Supplied material START
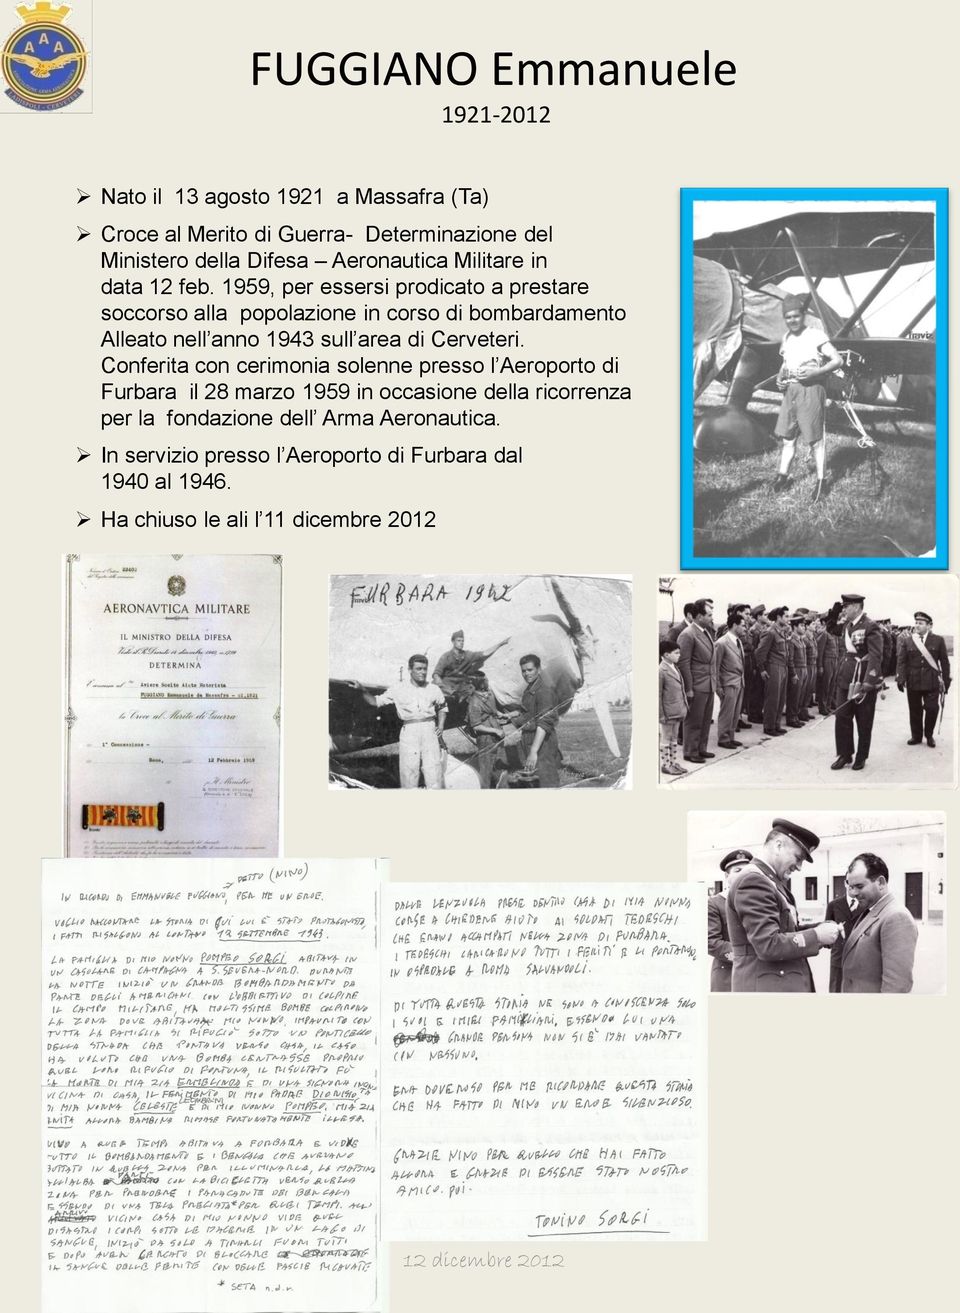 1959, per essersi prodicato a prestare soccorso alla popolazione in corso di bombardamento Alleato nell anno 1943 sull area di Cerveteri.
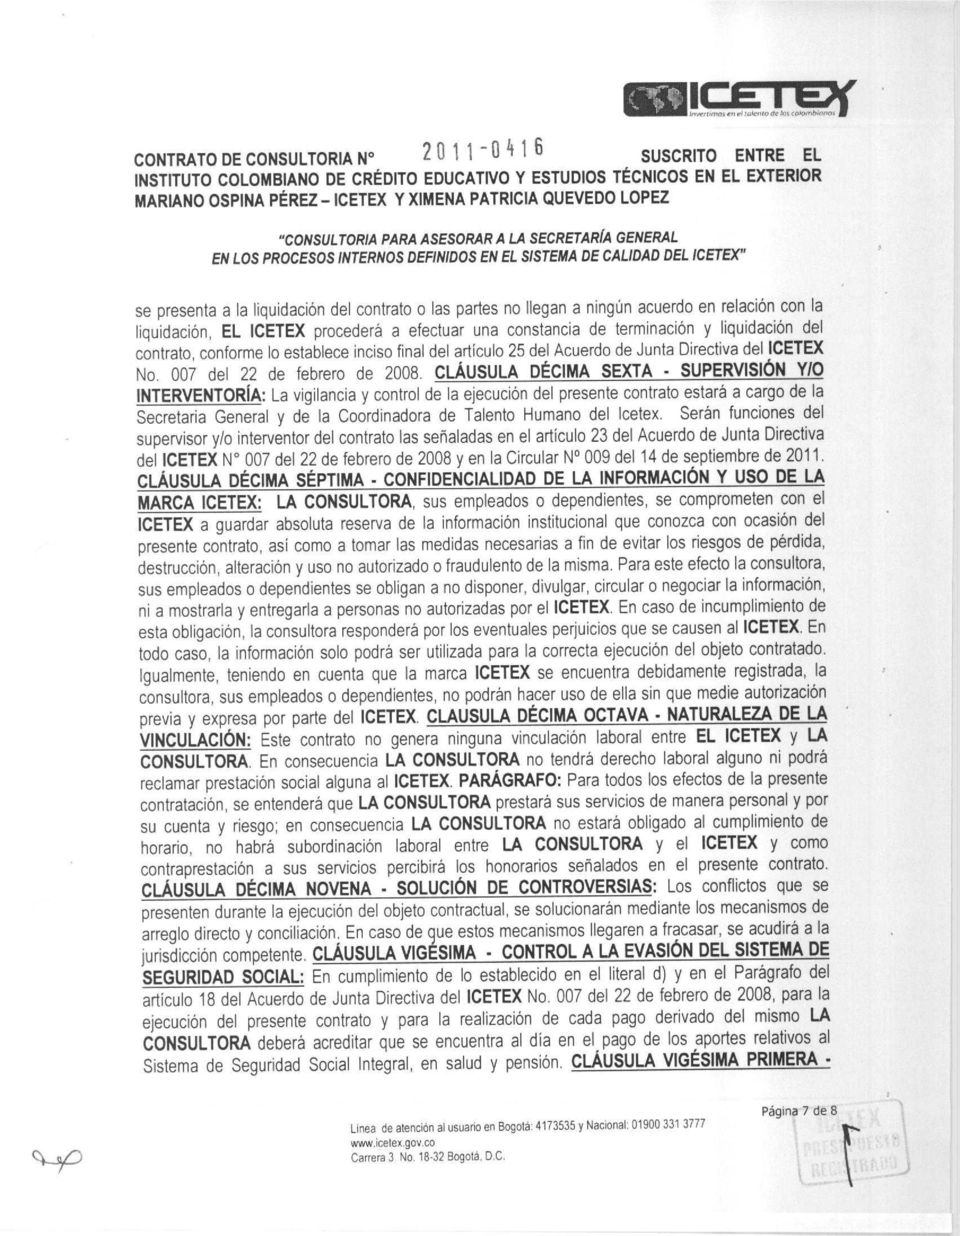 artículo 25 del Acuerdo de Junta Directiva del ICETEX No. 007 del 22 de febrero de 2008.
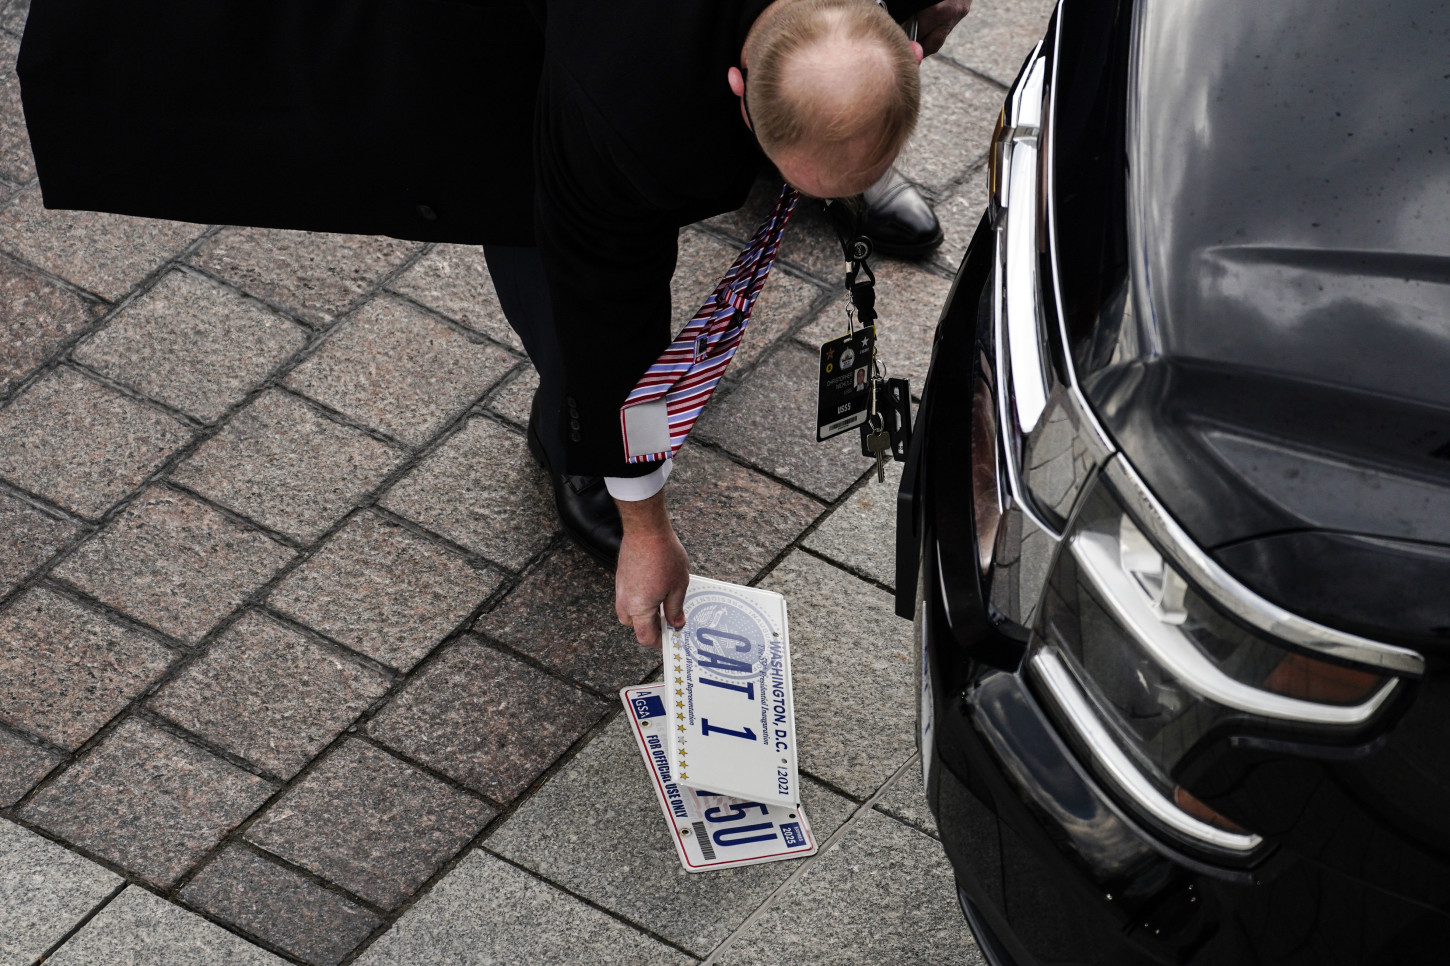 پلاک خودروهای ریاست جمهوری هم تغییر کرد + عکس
Supplied material END
## [What you need to do]
Only the pictures stay out; everything else in the listing above must be repeated exactly.

## [Answer section]
 1959, per essersi prodicato a prestare soccorso alla popolazione in corso di bombardamento Alleato nell anno 1943 sull area di Cerveteri.
 artículo 25 del Acuerdo de Junta Directiva del ICETEX No. 007 del 22 de febrero de 2008.
 پلاک خودروهای ریاست جمهوری هم تغییر کرد + عکس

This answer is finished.